* DESCRIPTION OF THE TASK: What comes back must be the data itself, retyped exactly.

(Collection entries)
#####
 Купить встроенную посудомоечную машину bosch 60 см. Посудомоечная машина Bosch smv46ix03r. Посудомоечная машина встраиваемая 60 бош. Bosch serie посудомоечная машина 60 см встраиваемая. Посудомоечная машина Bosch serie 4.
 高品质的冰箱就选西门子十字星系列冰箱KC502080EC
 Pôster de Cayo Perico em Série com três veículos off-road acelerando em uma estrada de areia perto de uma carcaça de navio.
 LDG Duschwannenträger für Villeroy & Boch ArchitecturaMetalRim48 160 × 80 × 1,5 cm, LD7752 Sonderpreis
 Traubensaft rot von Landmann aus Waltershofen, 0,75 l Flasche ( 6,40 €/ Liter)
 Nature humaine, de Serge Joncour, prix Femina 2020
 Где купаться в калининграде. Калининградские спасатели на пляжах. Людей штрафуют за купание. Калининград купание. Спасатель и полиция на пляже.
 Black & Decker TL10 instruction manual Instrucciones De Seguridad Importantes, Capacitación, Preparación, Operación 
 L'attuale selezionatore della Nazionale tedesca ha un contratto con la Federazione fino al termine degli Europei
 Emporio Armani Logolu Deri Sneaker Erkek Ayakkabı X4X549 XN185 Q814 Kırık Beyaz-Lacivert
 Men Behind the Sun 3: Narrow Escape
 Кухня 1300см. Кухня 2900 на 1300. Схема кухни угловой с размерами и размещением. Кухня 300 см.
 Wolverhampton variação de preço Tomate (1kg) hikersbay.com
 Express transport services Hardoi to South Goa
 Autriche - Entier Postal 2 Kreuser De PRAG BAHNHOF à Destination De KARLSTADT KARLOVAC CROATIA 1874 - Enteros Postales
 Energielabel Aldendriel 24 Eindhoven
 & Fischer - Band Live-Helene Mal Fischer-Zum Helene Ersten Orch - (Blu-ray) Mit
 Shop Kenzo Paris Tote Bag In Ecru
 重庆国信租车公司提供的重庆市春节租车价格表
#####
* RESULT FOR THIS EXERCISE:
 Купить встроенную посудомоечную машину bosch 60 см. Посудомоечная машина Bosch smv46ix03r. Посудомоечная машина встраиваемая 60 бош. Bosch serie посудомоечная машина 60 см встраиваемая. Посудомоечная машина Bosch serie 4.
 高品质的冰箱就选西门子十字星系列冰箱KC502080EC
 Pôster de Cayo Perico em Série com três veículos off-road acelerando em uma estrada de areia perto de uma carcaça de navio.
 LDG Duschwannenträger für Villeroy & Boch ArchitecturaMetalRim48 160 × 80 × 1,5 cm, LD7752 Sonderpreis
 Traubensaft rot von Landmann aus Waltershofen, 0,75 l Flasche ( 6,40 €/ Liter)
 Nature humaine, de Serge Joncour, prix Femina 2020
 Где купаться в калининграде. Калининградские спасатели на пляжах. Людей штрафуют за купание. Калининград купание. Спасатель и полиция на пляже.
 Black & Decker TL10 instruction manual Instrucciones De Seguridad Importantes, Capacitación, Preparación, Operación 
 L'attuale selezionatore della Nazionale tedesca ha un contratto con la Federazione fino al termine degli Europei
 Emporio Armani Logolu Deri Sneaker Erkek Ayakkabı X4X549 XN185 Q814 Kırık Beyaz-Lacivert
 Men Behind the Sun 3: Narrow Escape
 Кухня 1300см. Кухня 2900 на 1300. Схема кухни угловой с размерами и размещением. Кухня 300 см.
 Wolverhampton variação de preço Tomate (1kg) hikersbay.com
 Express transport services Hardoi to South Goa
 Autriche - Entier Postal 2 Kreuser De PRAG BAHNHOF à Destination De KARLSTADT KARLOVAC CROATIA 1874 - Enteros Postales
 Energielabel Aldendriel 24 Eindhoven
 & Fischer - Band Live-Helene Mal Fischer-Zum Helene Ersten Orch - (Blu-ray) Mit
 Shop Kenzo Paris Tote Bag In Ecru
 重庆国信租车公司提供的重庆市春节租车价格表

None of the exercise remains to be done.